Given material below:

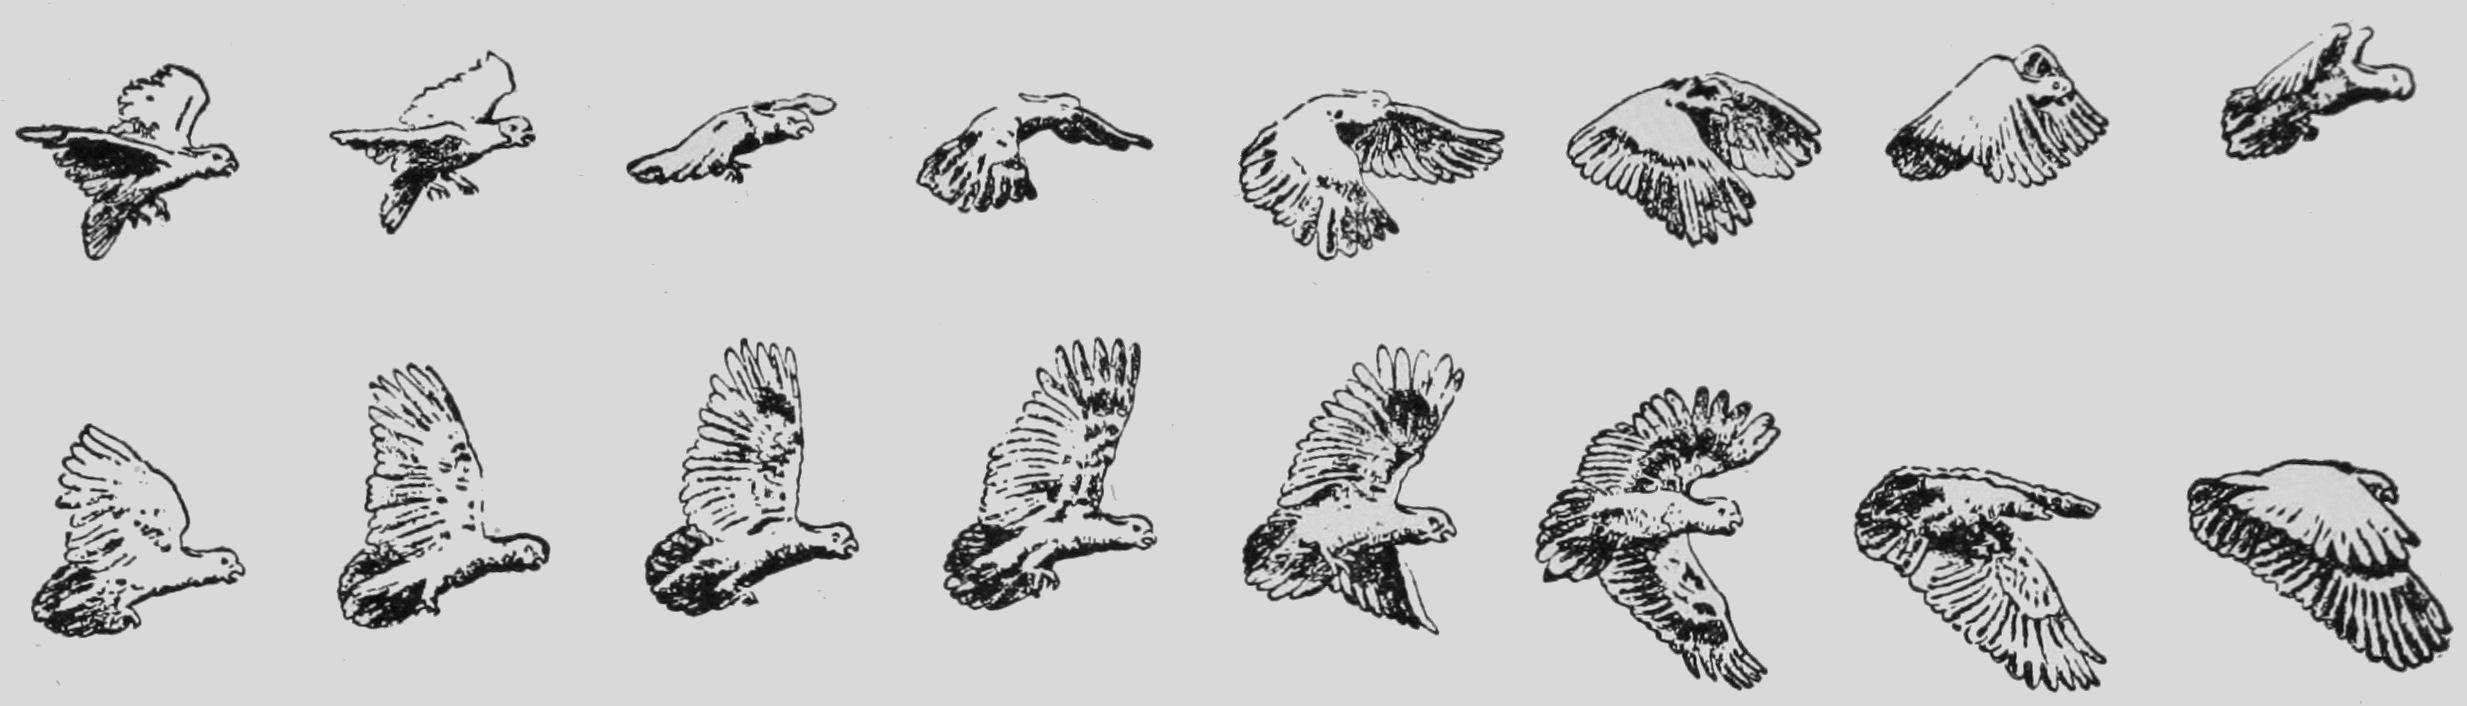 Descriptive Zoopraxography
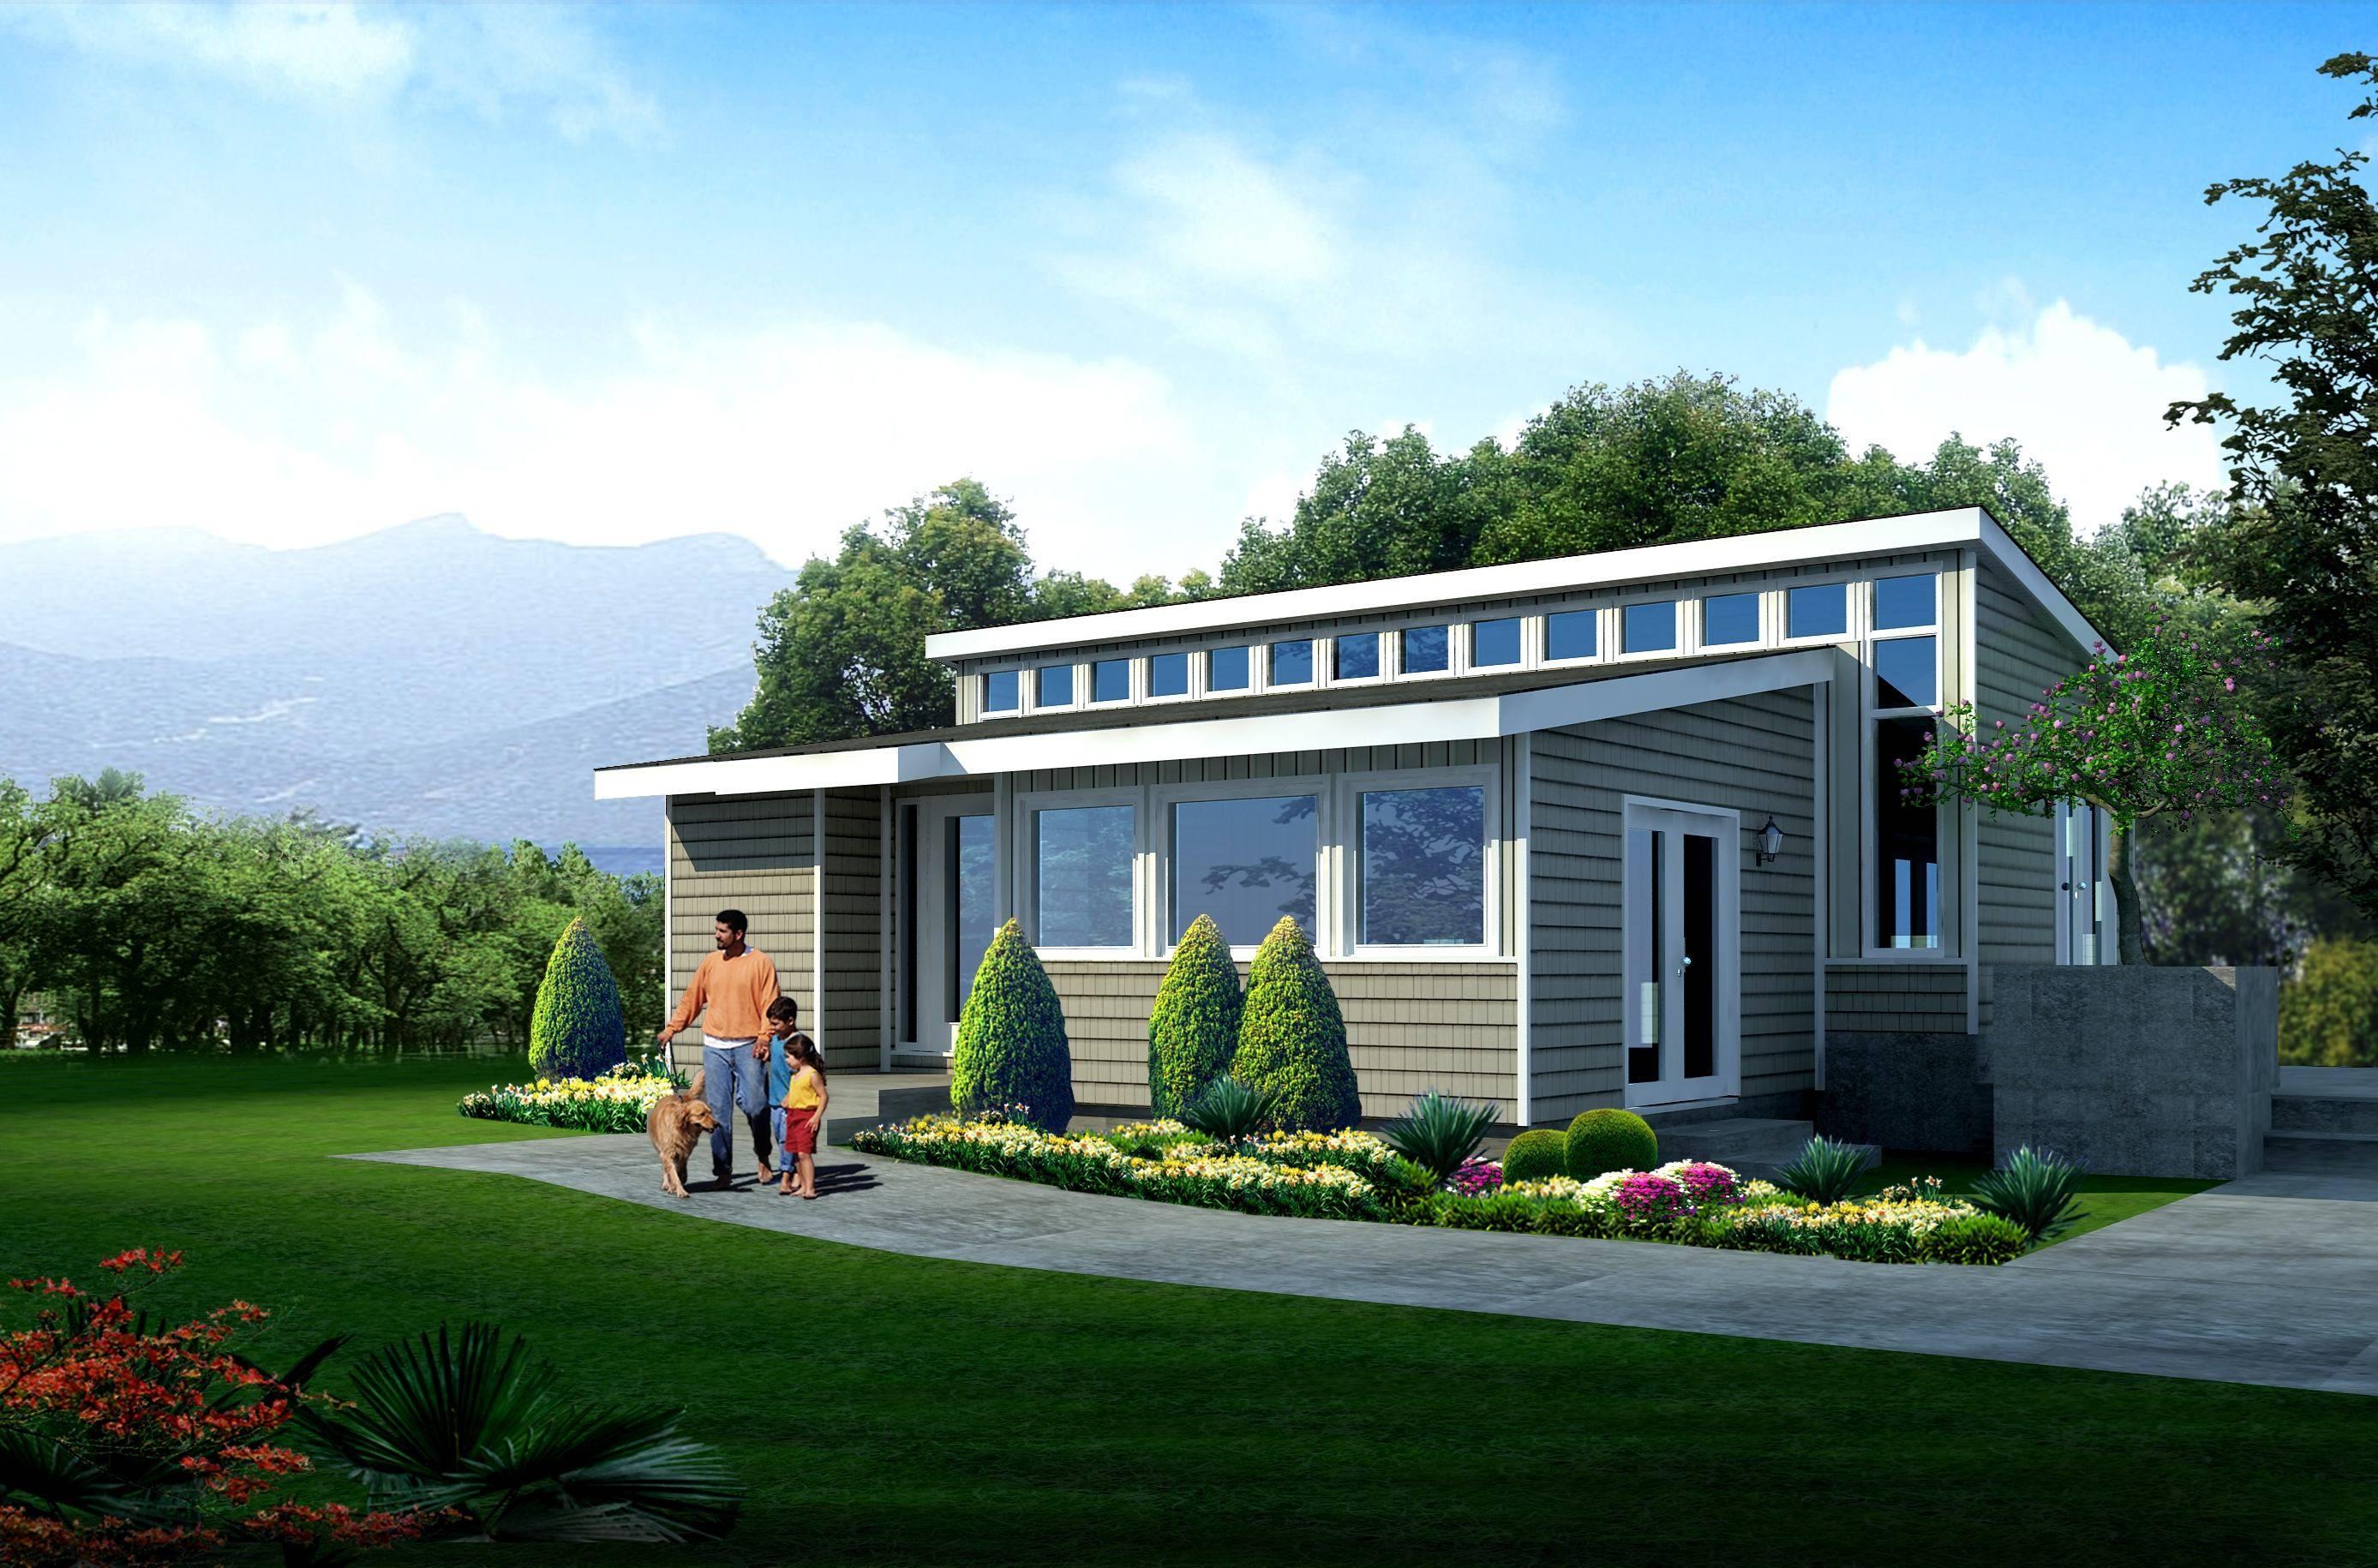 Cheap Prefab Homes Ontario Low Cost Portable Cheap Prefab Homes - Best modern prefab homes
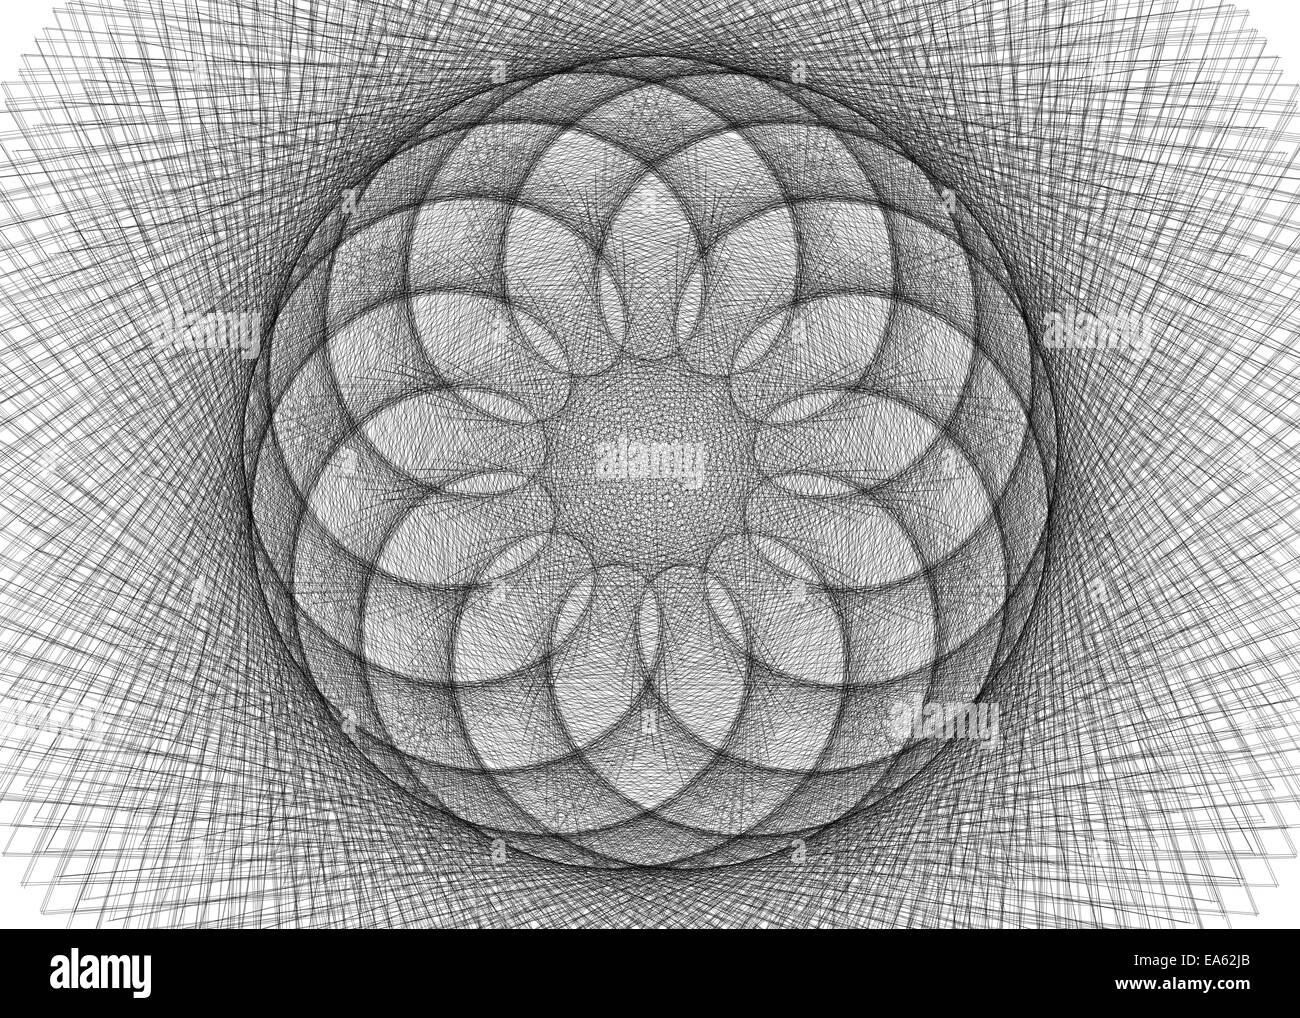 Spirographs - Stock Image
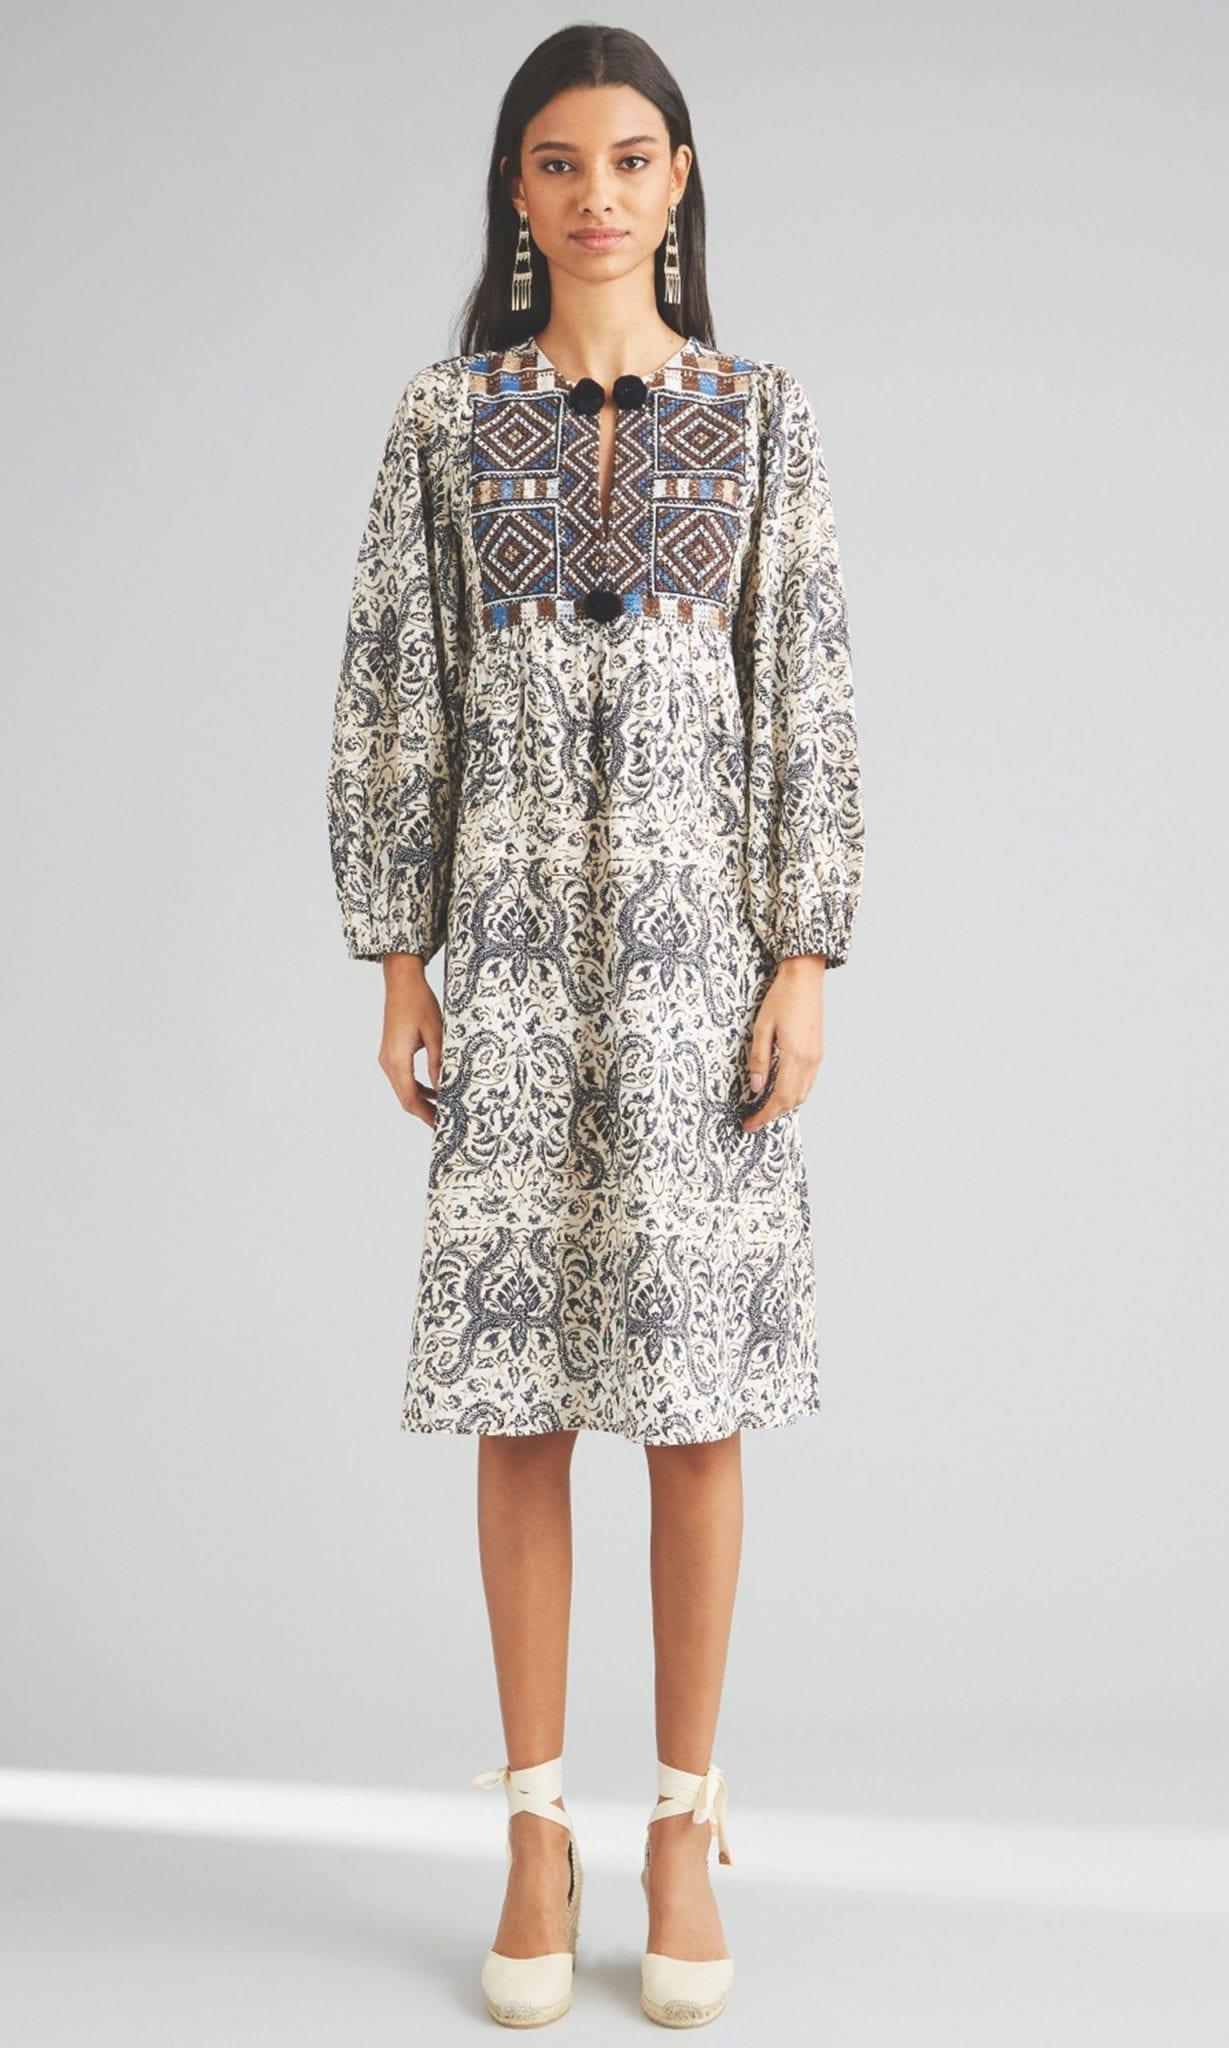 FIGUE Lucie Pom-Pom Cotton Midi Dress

End of Given material.

Instructions for the task:
Everything in the data must be printed verbatim except the pictures.

Answer for the task:
 Descriptive Zoopraxography
 Cheap Prefab Homes Ontario Low Cost Portable Cheap Prefab Homes - Best modern prefab homes
 Spirographs - Stock Image
 FIGUE Lucie Pom-Pom Cotton Midi Dress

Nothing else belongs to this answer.